Для нее все это бессмысленно, поскольку она видит в Джа Грамотея, пускай и потенциального. Шрамозадый воспринимает его как обычного синглета, орган, изъятый у свежего трупа. И к тому же поврежденный. Она поглядела на Шрамозадого – на самого крупного из них, убийцу.
– А как у вас заведено поступать с такими… отходами?
Три головы повернулись к ней, и она увидела, как вздыбилась шерсть. Голос, имитирующий речь компьютера, стал высоким и пронзительным, зачастил:
– Грамотей был мне добрым другом. Можно построить для Джа двухколесную тележку, на которой он будет таскать и, наверное, немного поворачивать задние лапы. Тяжелее подыскать ему стаю. Ты знаешь, что мы ищем остальных. Вдруг удастся кого-то собрать? Если же нет… ну что, я ведь только четверной, попробую его принять. – Говоря, он поглаживал израненного синглета одной мордой. – Не уверен, что получится. Грамотей не был достаточно бесшабашен, пилигрим из него никудышный. А такой, как есть, я вообще ему не подойду.
Йоханна откинулась на подушку. В конце концов, не сошлось же на Шрамозадом все зло во Вселенной.
– У Древорезчицы превосходные заводчики. Может, сумеют подобрать ему пару. Но ты пойми: взрослым элементам, особенно если они не рассказчики, тяжело реинтегрироваться. Синглеты вроде Джа часто умирают по собственной воле; просто отказываются от еды. А порой… Ты сходи при случае в гавань, посмотри на рабочих. Ты увидишь там довольно крупные стаи… с разумами идиотов. Они не в состоянии держаться слитно; малейшая неприятность – и брызнут во все стороны. Так заканчиваются неудачные попытки перестайки… – Шрамозадый говорил поочередно двумя элементами, потом и вовсе замолчал. Все морды стаи повернулись к Джа. Тот сомкнул глаза. Спит? Он еще дышал, но с едва заметным бульканьем.
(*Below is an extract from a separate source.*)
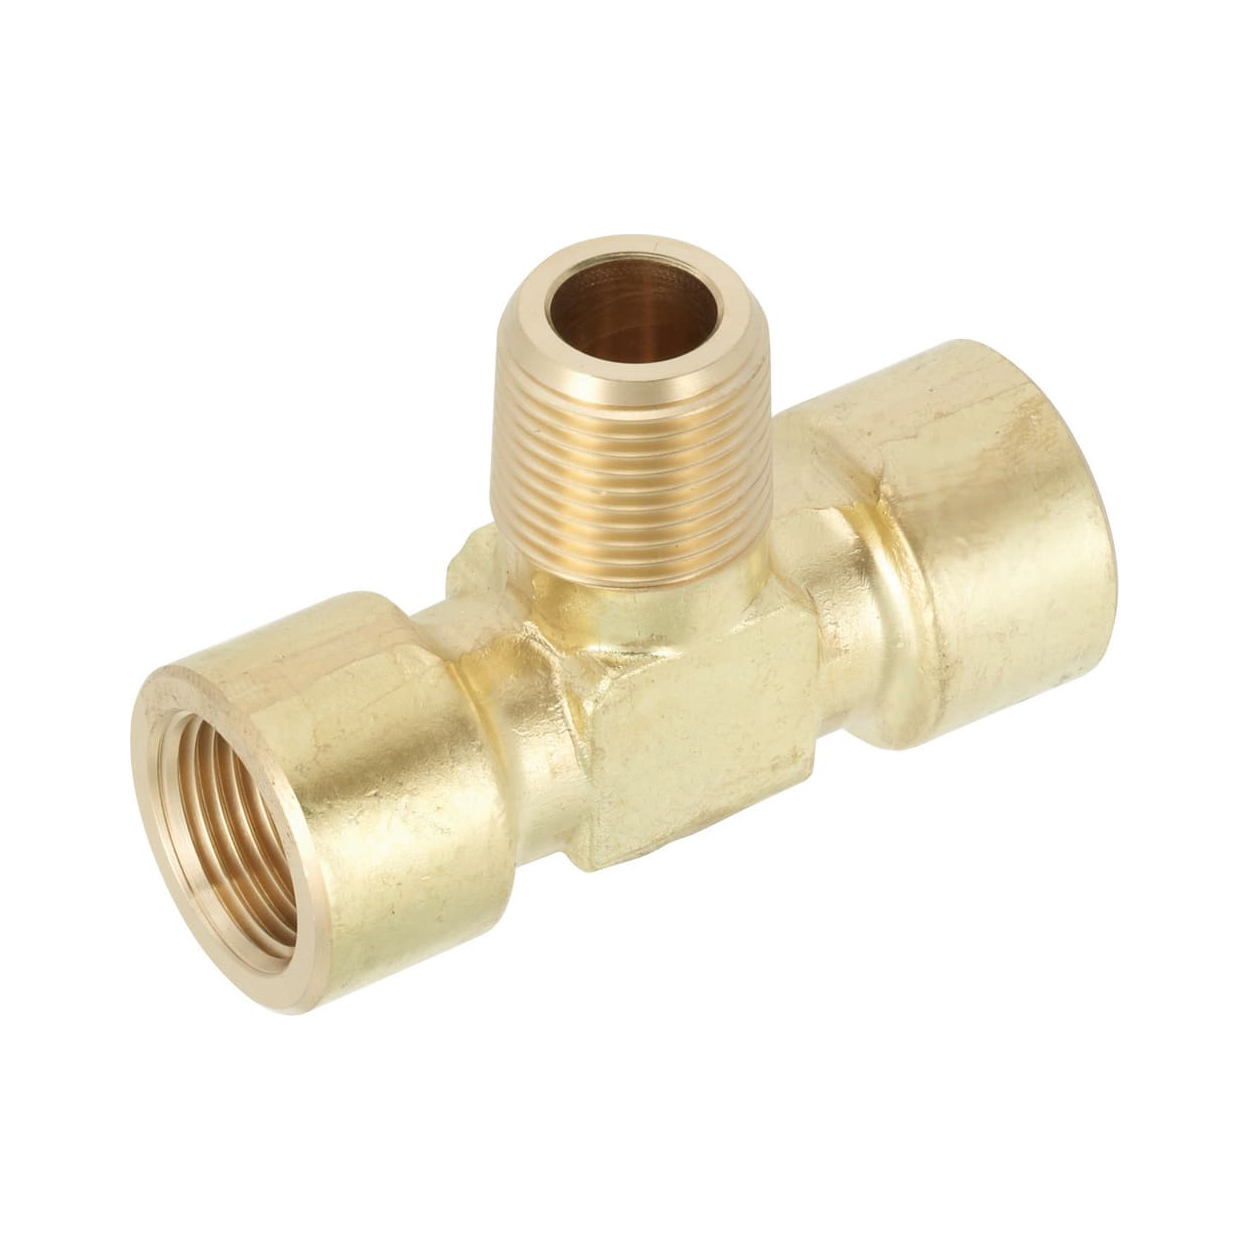 Brass Fittings for Steel Pipe / Tee / Threaded / Tapped SJSXT8A
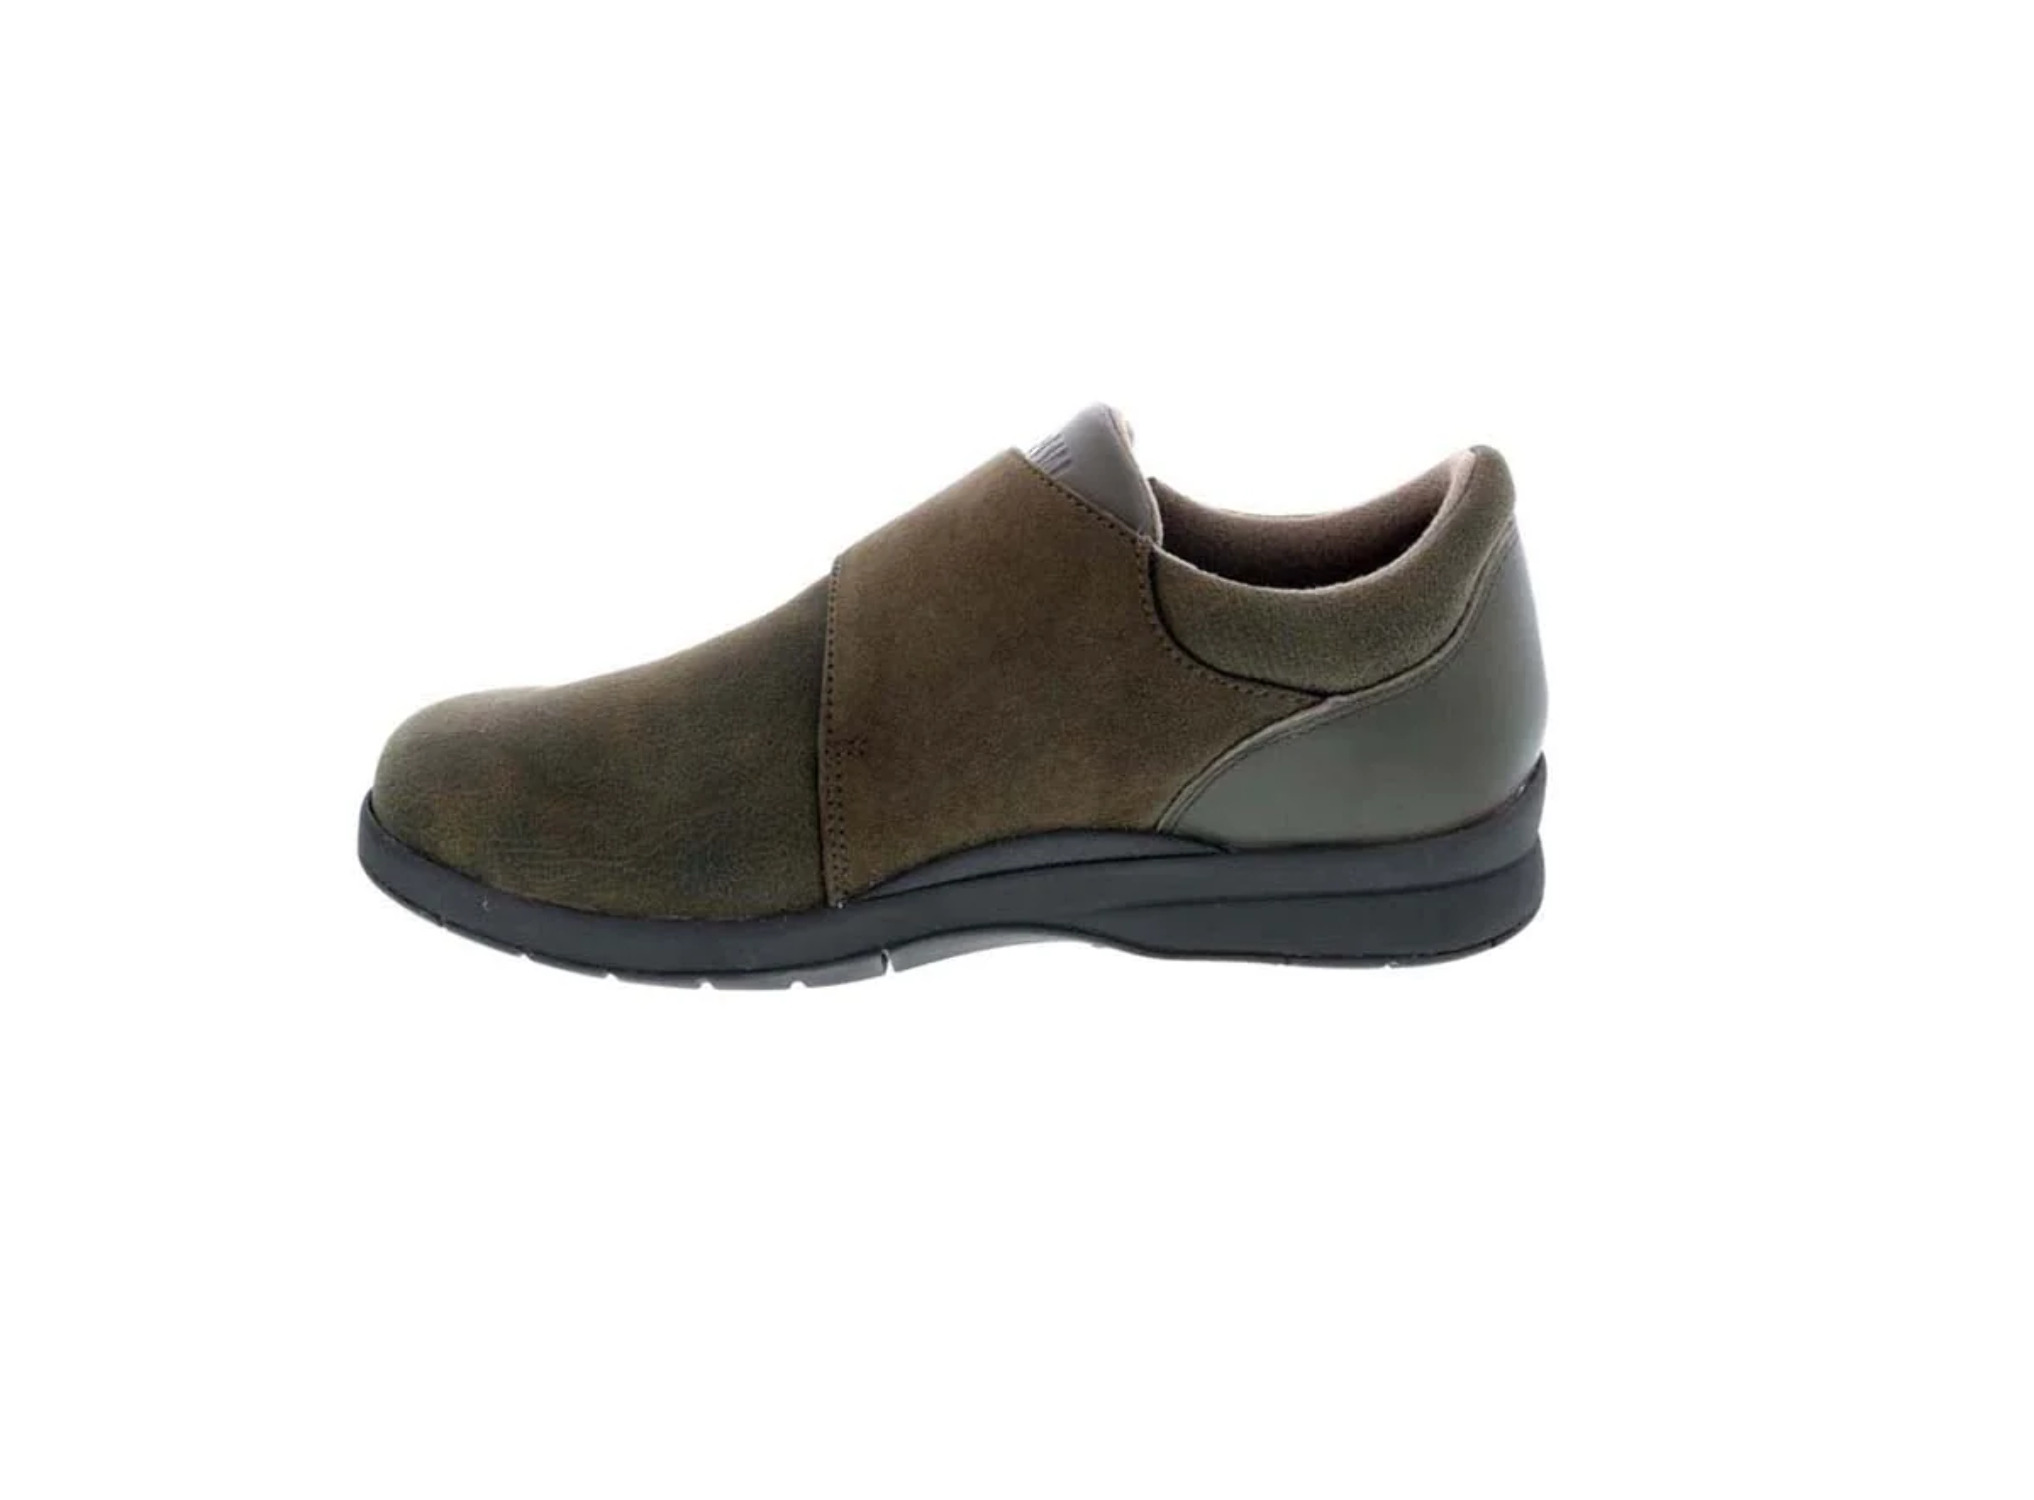 DREW MOONWALK WOMEN CASUAL SHOE IN OLIVE STRETCH LEATHER - image 2 of 4

Йоханна глянула через комнату на люк, ведущий на чердак. Оттуда в дырку просунулась морда Древорезчицы. Перевернутая, она посмотрела на Йоханну. В другой ситуации девочка бы засмеялась.
– Если не случится чуда, Грамотея сегодня убили, пойми это, Йоханна. Но если фрагмент выживет, если проживет еще хоть немного, мы поймаем убийцу.
– А как, раз синглет не может общаться?
– Он покажет. Я приказала Проныре, чтоб запер всех по местам. Когда Джа успокоится, мы заставим каждую стаю замка перед ним пройти. Фрагмент явно помнит, что случилось с Грамотеем, и стремится нам рассказать. Если убийцы среди нас, он их узнает.
– И поднимет вой.
– Да. В общем, перво-наперво надо поместить его под охрану… и надеяться, что наши врачи его выходят.
Остальных элементов Грамотея нашли через пару часов, у парапета старой башни. Проныра высказал предположение, что пара стай вышла из лесу и взобралась на башню, наверное, подсмотреть, что творится в замке. По всем признакам разведчики были неопытные новички: оттуда и в ясную-то погоду ничего толком не увидишь. Но Грамотею фатально не повезло: надо полагать, он всполошил незваных гостей. Пятерых его элементов убили разными способами: застрелили, зарубили, обезглавили. Шестой – Джа – сломал позвоночник о выступ каменной стены, падая с башни. Йоханна прошлась туда на следующий день. Даже с земли на парапете были явственно различимы коричневатые потеки. Она порадовалась, что не в состоянии туда подняться.
Джа умер ночью, но не от поползновений врага: все это время он был у Проныры под охраной.
На следующие несколько дней Йоханна замкнулась в себе и молчала. По ночам немного плакала. Будь проклята их тутошняя медицина! Перелом позвоночника им-то распознать несложно, а вот в скрытых травмах, внутренних кровотечениях эти звери ни бельмеса не смыслили. Справедливости ради, Древорезчица прославилась теорией, что сердце перекачивает кровь по всему телу.
Какое-то время она их всех ненавидела. Шрамозадого – за то же, что и прежде, Древорезчицу – за невежество, Проныру – за то, что подпустил шкуродерников вплотную к замку. И Йоханну Ольсндот – за то, что прогнала Грамотея, когда тот попытался с нею подружиться.
А что бы сейчас сказал Грамотей? Он хотел, чтоб она им доверяла. Он говорил, что Шрамозадый и остальные не так уж и плохи. Однажды ночью, где-то через неделю после его смерти, она наконец более или менее примирилась с собой. Она лежала на подстилке, укутавшись тяжелой теплой одеждой. В янтарном свете печи мерцали настенные узоры.